Distribution of Ub-ligases in colon. a UMAP analysis demonstrates that the colon Ub-ligases may be grouped into 13 cell specific clusters (labeled by colors). bf Ub-ligases from the same ontology combination group displaying distributional expression among several cell types

To further analyze the Ub-ligase distribution throughout the colon, we focused on genes that were clustered into the same ontology combination groups GO:0018193 and GO:0042326, GO:0045309 and GO:0044267, GO:0045309 and PW:0000417 (Additional file 3: Table S2). These genes showed a shift in expression after DSS-induced inflammation (Fig. 3E). Thus, Socs1 and Socs3 were mostly expressed by stem cells that clustered as Lgr5+ undifferentiated, Lgr5+ amplifying undifferentiated SCs and goblet cells both in proximal and distal colon, together with enterocyte cells of proximal colon (Fig. 4B, C). Besides this, Socs3 was also typical for Lgr5-undifferentiated SCs cluster (Fig. 4C). However, Socs1 and Socs3 genes were not typical either for chromaffin, tuft cells or goblet cell at the crypt apex. Btrc was abundantly expressed in the clusters of goblet cells, Lgr5+ amplifying undifferentiated and Lgr5+ undifferentiated SCs (Fig. 4D), and it was rather scarce in chromaffin, enterocyte, and tuft cell clusters. As for Cbl, Btrc displayed comparable distribution in all cell clusters with the higher concentration in the enterocyte and Lgr5+ undifferentiated SCs clusters (Fig. 4E).
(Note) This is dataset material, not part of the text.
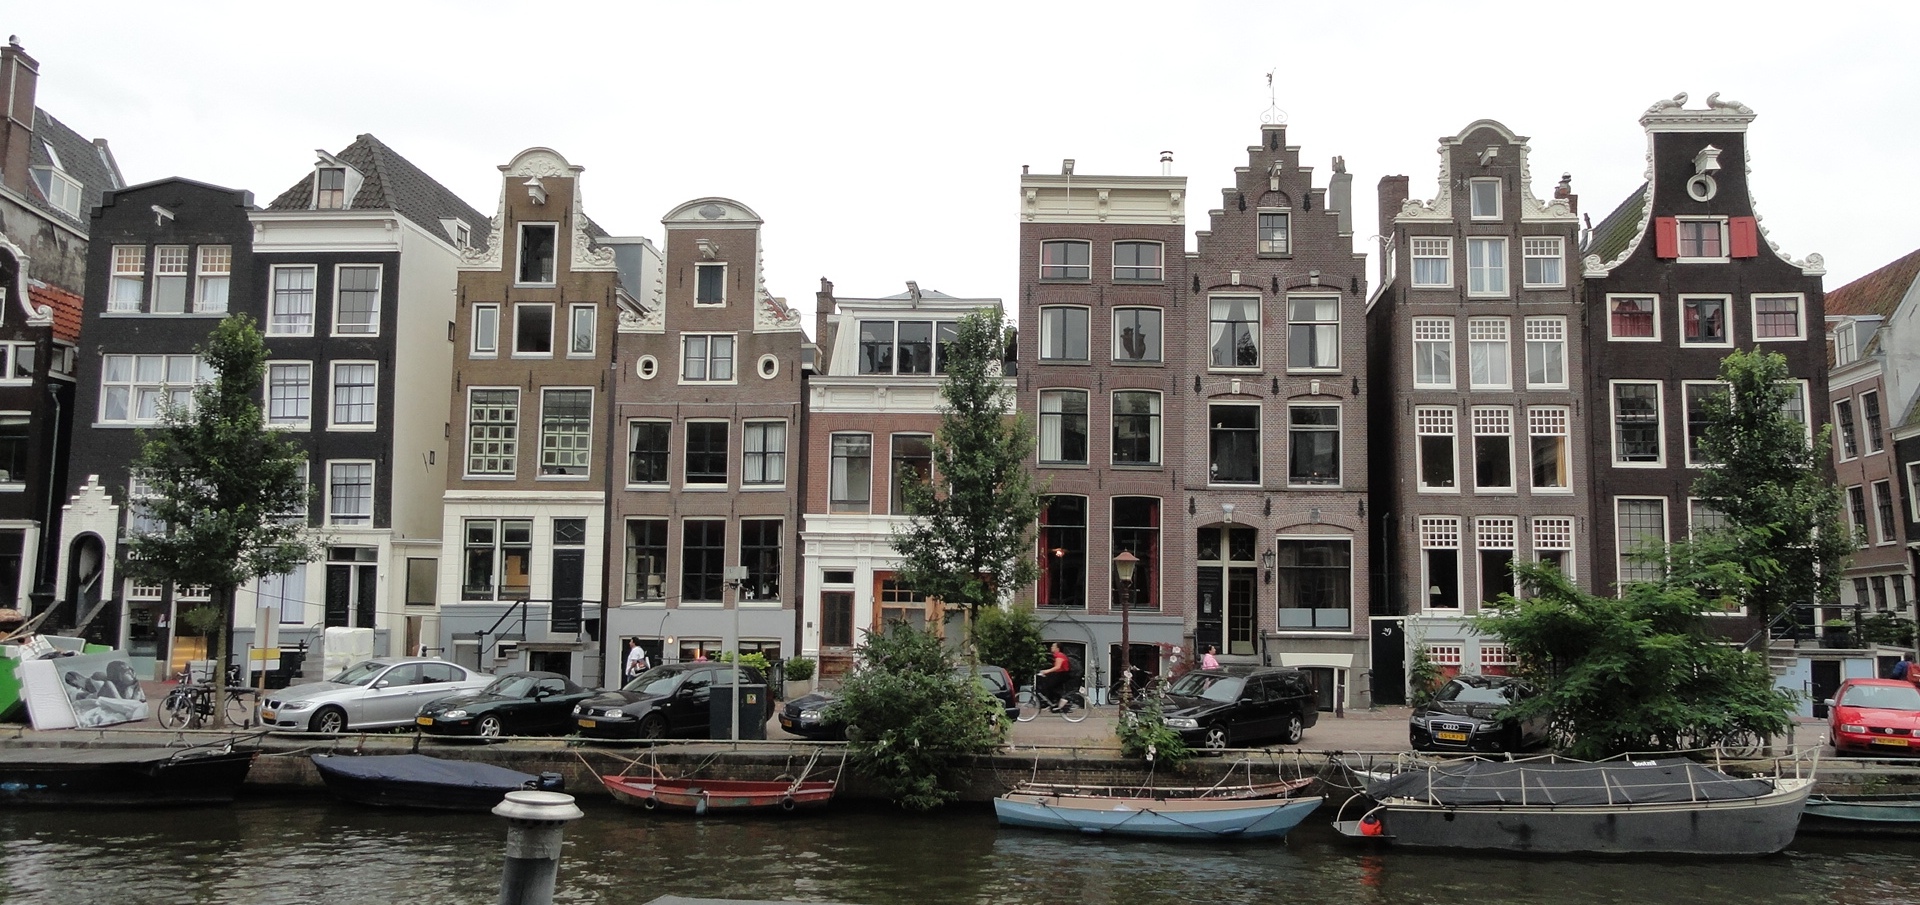 Amsterdam - Maisons et Canaux

Finally, Bmi1 showed the lowest cell cluster specificity with equal distribution through all clusters with relatively higher specificity for Lgr5+ undifferentiated and Lgr5+ amplifying undifferentiated SCs clusters (Fig. 4F). These results support the evidence that Ub-ligases are expressed by various cell types along the tissue, but their functions slightly differ depending on the cell type, developmental stage and homeostatic condition, as it was observed also after the colon injury. This might bring a novel proof of semantically defined similarity of those Ub-ligases and compensatory potential in relation to each other.